------ STORED DATA ------
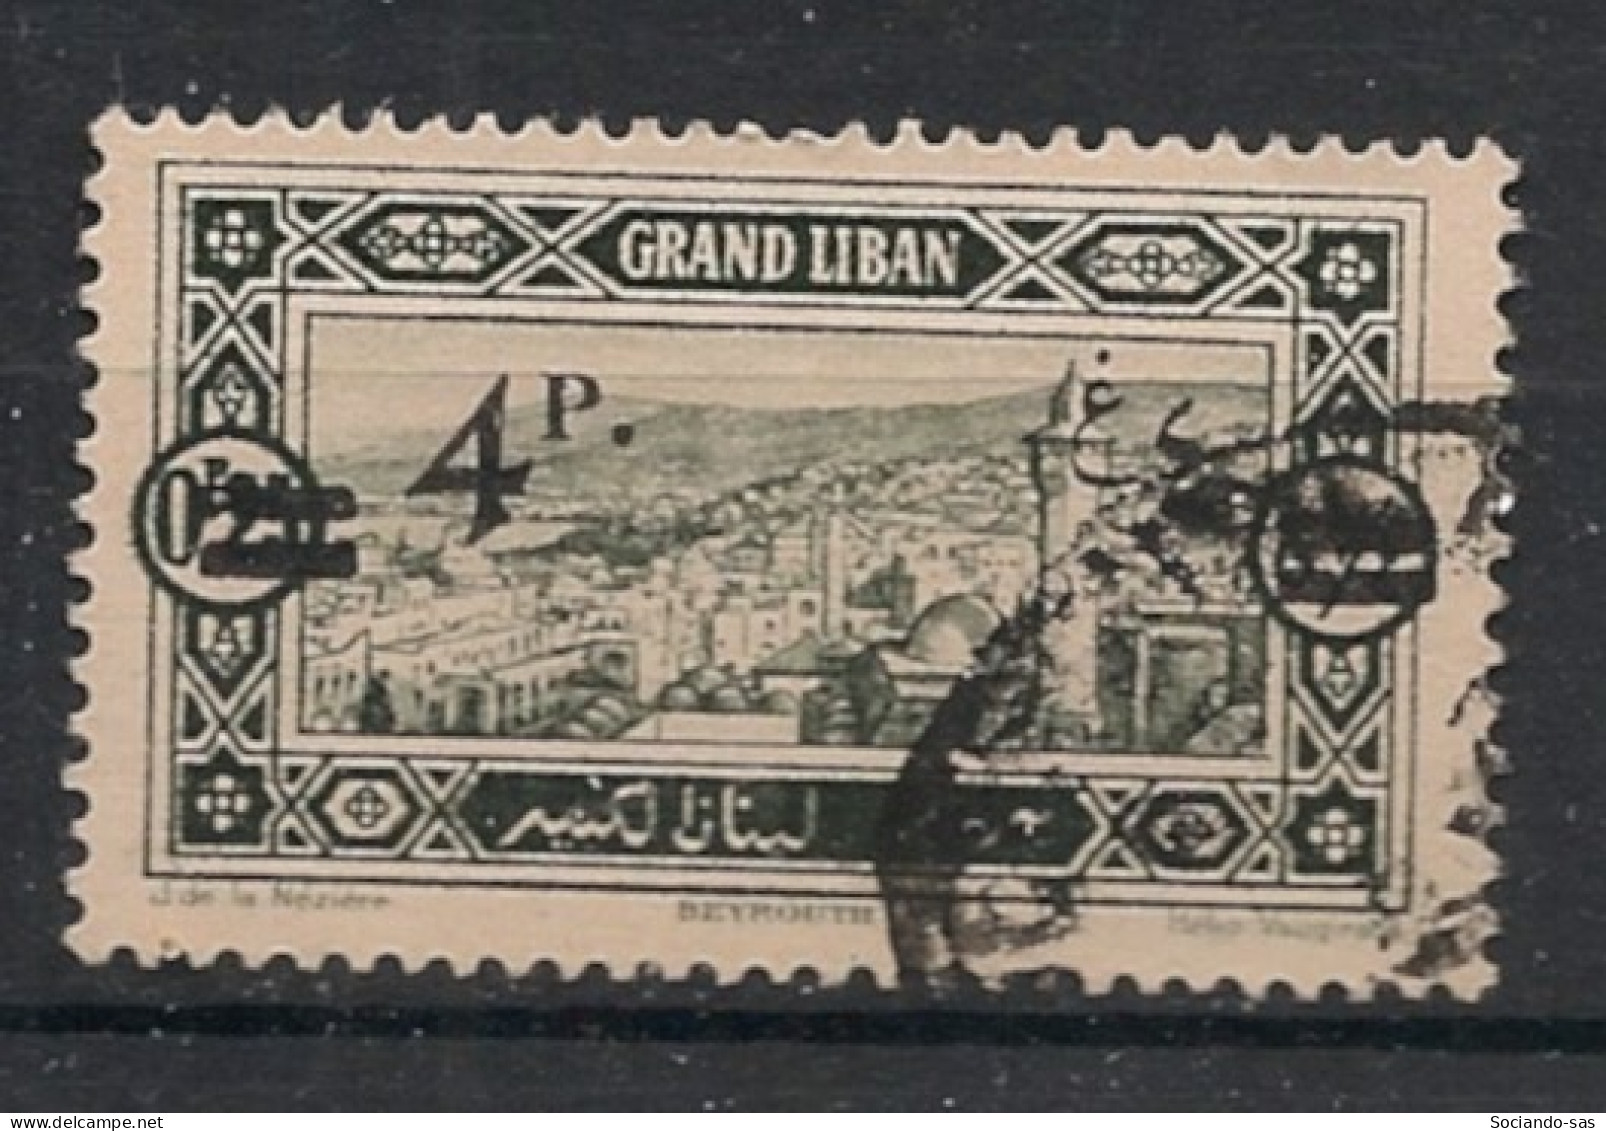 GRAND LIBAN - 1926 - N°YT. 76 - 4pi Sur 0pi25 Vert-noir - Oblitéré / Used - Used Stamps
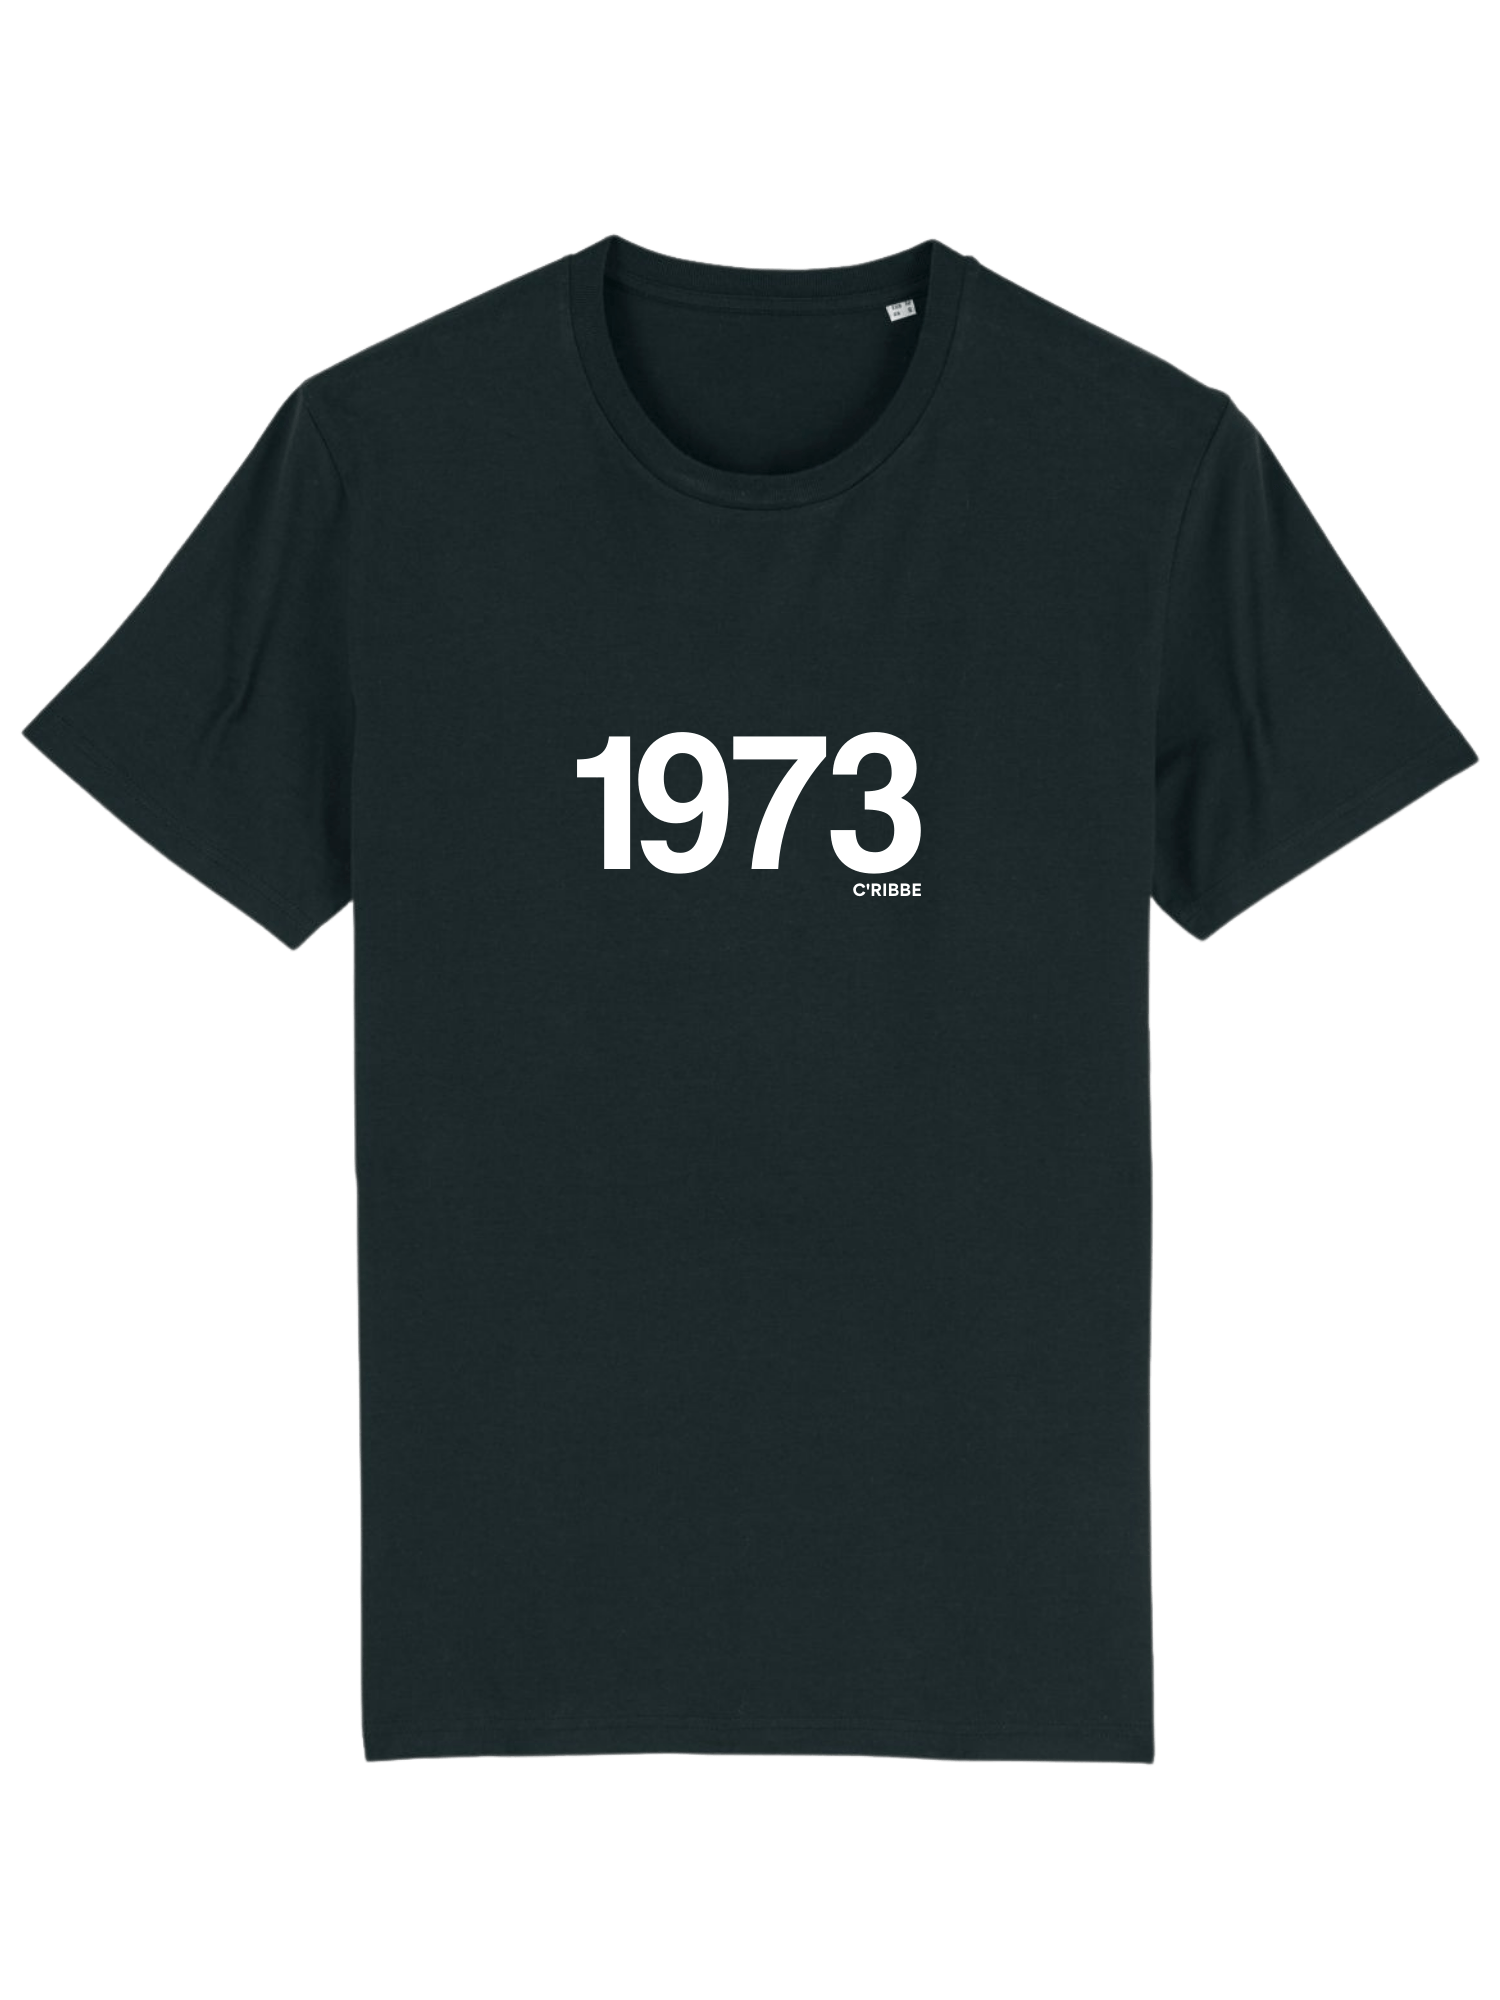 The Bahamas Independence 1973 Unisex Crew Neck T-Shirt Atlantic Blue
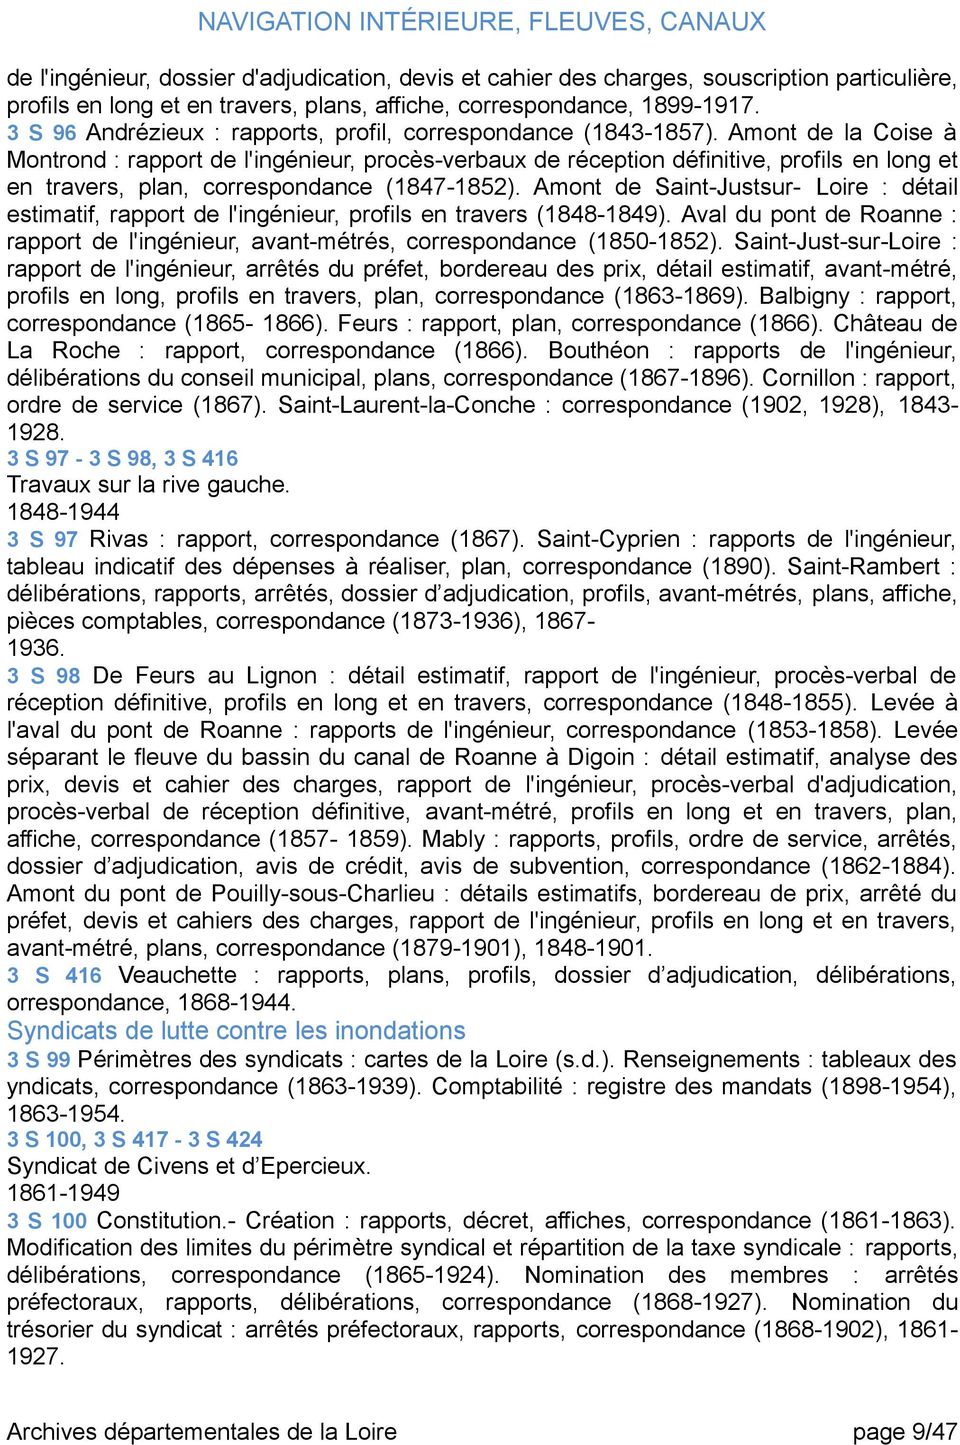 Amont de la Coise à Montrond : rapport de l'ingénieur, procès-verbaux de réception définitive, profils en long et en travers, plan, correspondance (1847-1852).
------
* WORK TO COMPLETE: The material must be restated verbatim. Its pictures must be omitted.

* EXPECTED ANSWER:
 GRAND LIBAN - 1926 - N°YT. 76 - 4pi Sur 0pi25 Vert-noir - Oblitéré / Used - Used Stamps
 The Bahamas Independence 1973 Unisex Crew Neck T-Shirt Atlantic Blue
 Amont de la Coise à Montrond : rapport de l'ingénieur, procès-verbaux de réception définitive, profils en long et en travers, plan, correspondance (1847-1852).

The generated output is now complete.